Mortimer Grimshaw (1824/5–1869)

Mortimer Grimshaw was born into a working-class family in or near Great Harwood . He worked intermittently as a cotton weaver, and achieved local — briefly, national — fame as a strike leader and political activist in the mid-1850s.

He rose to fame in the village of Royton, near Oldham, as a factory reformer, and claimed to have been blacklisted by the cotton manufacturers for his political campaigning, including supporting the Tory – radical enemies of free trade as well as being involved in Ernest Jones's ill fated Labour Government in 1854. Grimshaw opposed unrestricted competition within the industry and feared the class power of the mill owners.

In 1853 when the Preston workers went on strike for a 10 per cent increase in wages, Grimshaw was an ever-present figure at their mass meetings, defending the ‘factory slaves' against repression by their masters. He was, along with George Cowell, seen as the acknowledged leader of the seven-month strike. Speaking at sixty or more public meetings during the strike, he urged the construction of co-operative mills as a long-term challenge to the power of capital.

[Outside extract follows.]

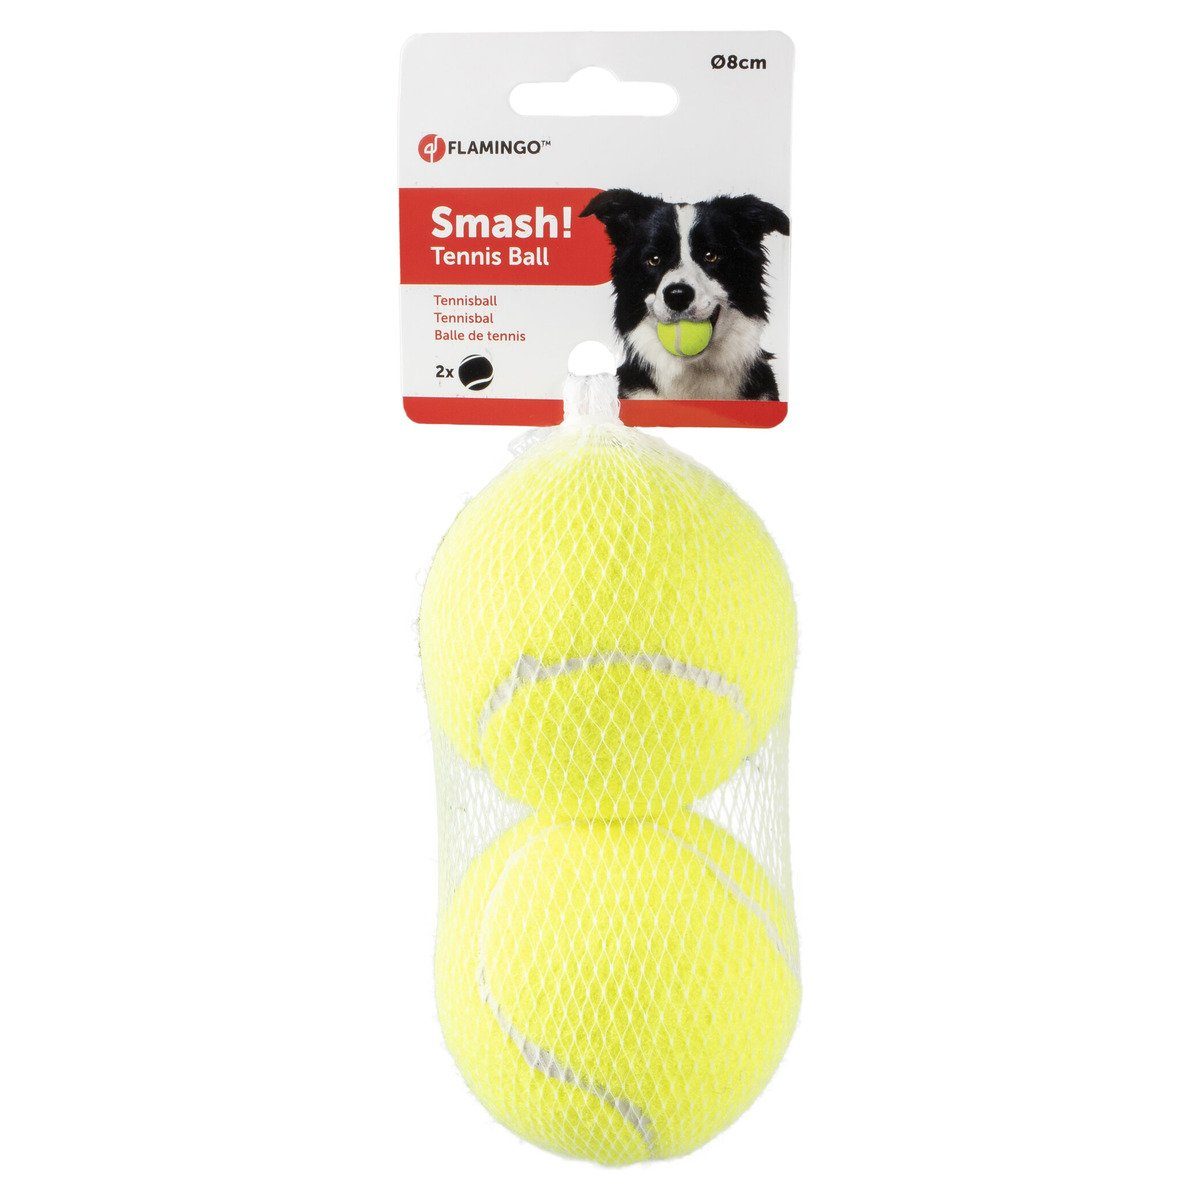 Spielball Flamingo gelb Hundespielzeug Smash Tennisball

After the strike Grimshaw had no further purpose and despite attempting to intervene in several other strikes, and voicing his Tory sympathies during the American civil war, he died in obscurity on 22 December 1869 in Rishton.

Extracted from a piece by
J. E. KING
Source unknown

 

The 1911 Cotton Lock Out

In 1911 a major event happened in North East Lancashire. The Weaver's Union, which by then was a very old established and creditable organisation, took a decision that all those working on looms in North or North West Lancashire should be members of the union. The union thought this could be achieved in a peaceful way by persistent persuasion and clever tactics. There were very few who rebelled against joining the union but support for those who did grew as others, who had joined against their will, rallied in support of them. Efforts were made to get shot of the non-union workers but when these failed the unions called upon the Masters to dismiss the rebels and to undertake to employ only union members in their mills. After two years of downturn the weavers possibly thought that a time of coming prosperity would sway the Masters into conforming to the union's wishes, it is reported that this would only have earned the contempt of everyone who believed in the reality of freedom.

At Helene Mill in Accrington Joel Riley and his wife Sarah refused to join the union and in Great Harwood a Mr Scott and Margaret Bury also refused. Scott later capitulated but Miss Bury continued to refuse. She had previously belonged to the union but had withdrawn after she felt that the she got little for her money.

The Masters decided upon a general lockout, which resulted in 400 workers at York Mill, Great Harwood going out on strike. The knock-on effect this had was felt nationwide as other mills were closed and it is estimated the event involved 16,000 weavers and 150,000 spinners who were put on half time working. Overall around 3million people were affected as far afield as Nottingham and Glasgow in the lace-making industry and affecting the woollen industries in Yorkshire and Argyle.

It is unclear how this dispute finally ended but ended it must have done as weaving was continued in Great Harwood until the early 1970's.